In one of life’s many curious twists, my granddaughter of 15 months is gaining language while my husband with dementia is losing it.
Lately I’ve been noticing the language tricks he uses to compensate for the word loss and continue to participate in conversation. Three of his all-purpose words are: guys, affair and operation. “Guy” or “guys” can refer to any object, such as “What should I do with these guys?” meaning the mail. He often asks, “Where does this guy go?” when putting away a utensil. (As noted previously, all kitchen drawers and cabinets are labeled, so maybe it’s just laziness?) “Look at that guy!” pointing to a tree in bloom.
“Affair” and “operation” are pretty much interchangeable. When we’re walking, he may say, “That’s a nice operation,” meaning the layout of the house we’re passing. “Affair” can also be a catch-all for any activity, from dinner with friends to a game of Scrabble.
He also has favorite phrases that are prompted by events.
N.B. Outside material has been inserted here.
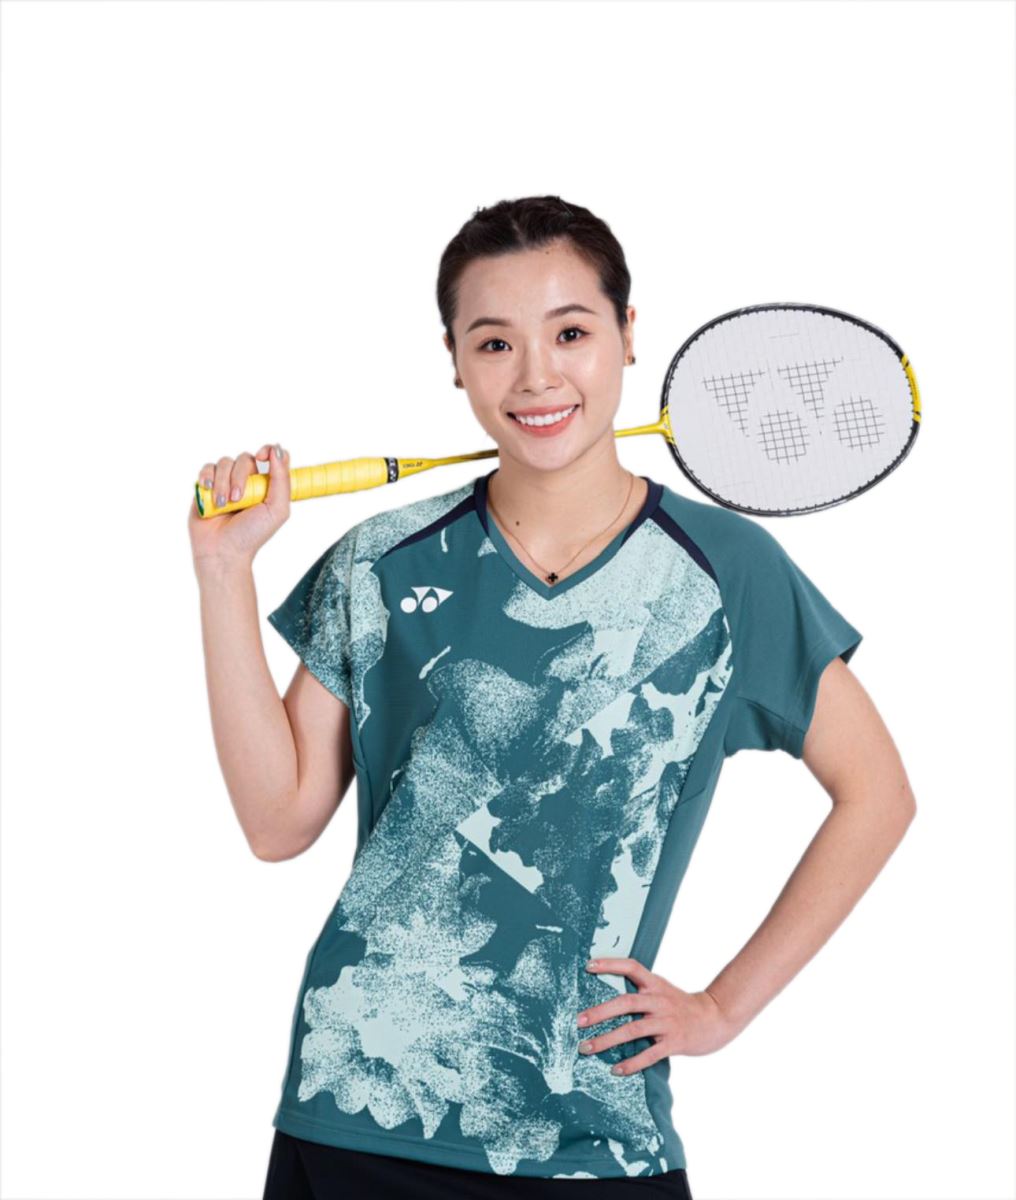 Thuỳ Linh (sinh năm 1997) là tay vợt nữ xuất sắc nhất của cầu lông Việt Nam ở thời điểm hiện tại.

At the end of our daily walk, he says, “That was a nice little jaunt.” Sadly for me, I wait for the comment as we come up the stairs and then grind my teeth when–yes–he says it again.
Here I have to confess my own personal terror: I, too, am losing words. A couple of weeks ago, I could not find the word “ostracize.” I knew it was hiding in my mind somewhere. I knew Pete Seeger used that very word in the story-song Abiyoyo. “The townspeople _____________ the boy and his father. That means they made ’em live on the edge of town.” But I couldn’t think of it.
These blanks come too often for comfort, especially for a writer like me.
I remember my mother asking me to “bring me the thing on the thing.” Right. A little trouble retrieving words is part of normal aging. But when isn’t it normal?
What if I’m getting dementia? How will we manage, the two of us?
2 thoughts on “The Language of Dementia”
Oh, Kim. I wish there was something to say to lighten this extra burden. I think everybody worries when they just can’t remember a word, but usually it comes to mind soon, Please don’t go down the path of what if..particularly in regard to your getting dementia.virtual hugs.
As someone who has always “lost” words, even as a child. It can be SO frustrating.